Этот прямой вопрос был расценен обществом как неслыханная дерзость. Овсиха побледнела, и чашка в ее руке застучала о блюдце. Другие, онемев, воззрились на Соню. Она ощутила, как ледяная дрожь прошла по ее телу, но все-таки не опустила глаз.
Княжна долго молчала, прежде чем все-таки ответить.
– Это сделала одна твоя благодетельница, которая назвалась доброй подругой твоей матери. По ее словам, она давно намеревалась дать мне знать о твоем бедственном положении, но не решалась, зная бешеный нрав твоего отца. Да я и не имела права забрать тебя от него, каким бы горьким пьяницей он ни был. «Чти отца своего и мать свою». Однако едва лишь случилось последнее несчастье, как она исполнила свой долг перед памятью своей покойной подруги.
«Соседка, – подумала Соня. – Больше некому».
Она дождалась, пока княжна закончит чаепитие и уйдет к себе, вышла из-за стола и спустилась в сад. Ей хотелось побыть в одиночестве. На городской квартире у нее, по крайней мере, был для уединения целый день, пока отец не возвратится домой, иногда один, но чаще – с пьяной оравой друзей.
Сад оказался довольно ухоженным, но как-то по-старушачьи: вдоль расчищенных дорожек тянулись пестрые клумбы, а чуть глубже деревья росли, как им вздумается, с неостриженными ветвями. Дикий кустарник и сорняки не были выкорчеваны и захватили большую территорию.
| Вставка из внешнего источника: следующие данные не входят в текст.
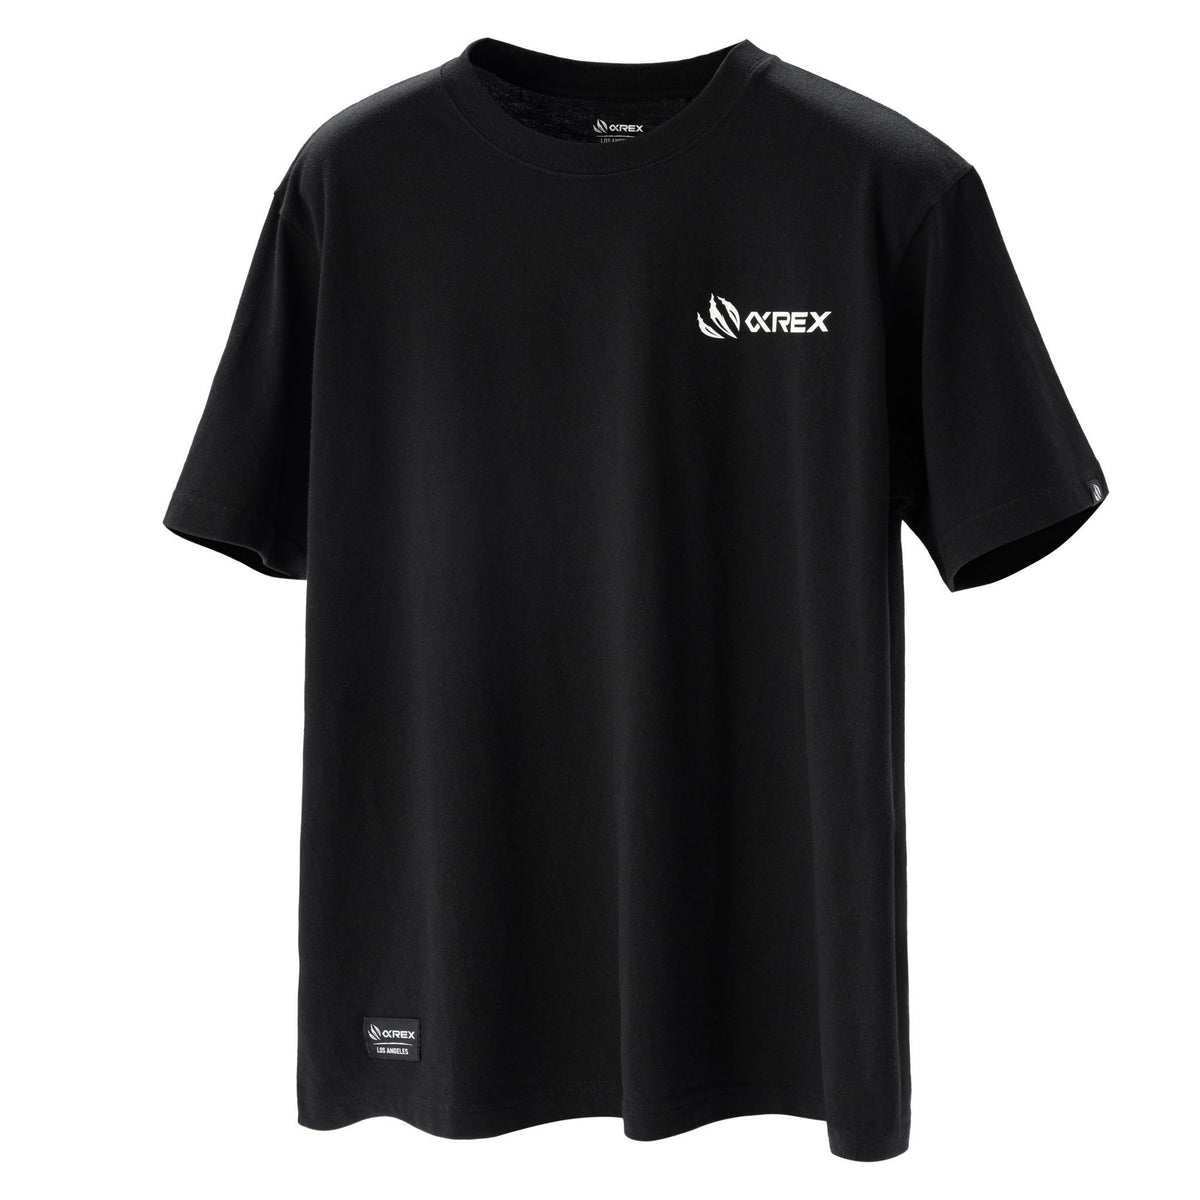 AlphaRex Initial Tee T-Shirt

Соня сорвала лопух и принялась обмахиваться им, как веером. В саду духота оказалась еще более невыносимой, нежели в зале.
Неожиданно перед Соней выросла Овсиха.
– Я тебе велела стелиться перед благодетельницей! – промолвила старуха сквозь зубы. – А ты что сделала?
– Что? – спросила Соня, посмеиваясь и играя листом: она то перебрасывала его из руки в руку, то прикладывала к лицу. – Что я такого сделала?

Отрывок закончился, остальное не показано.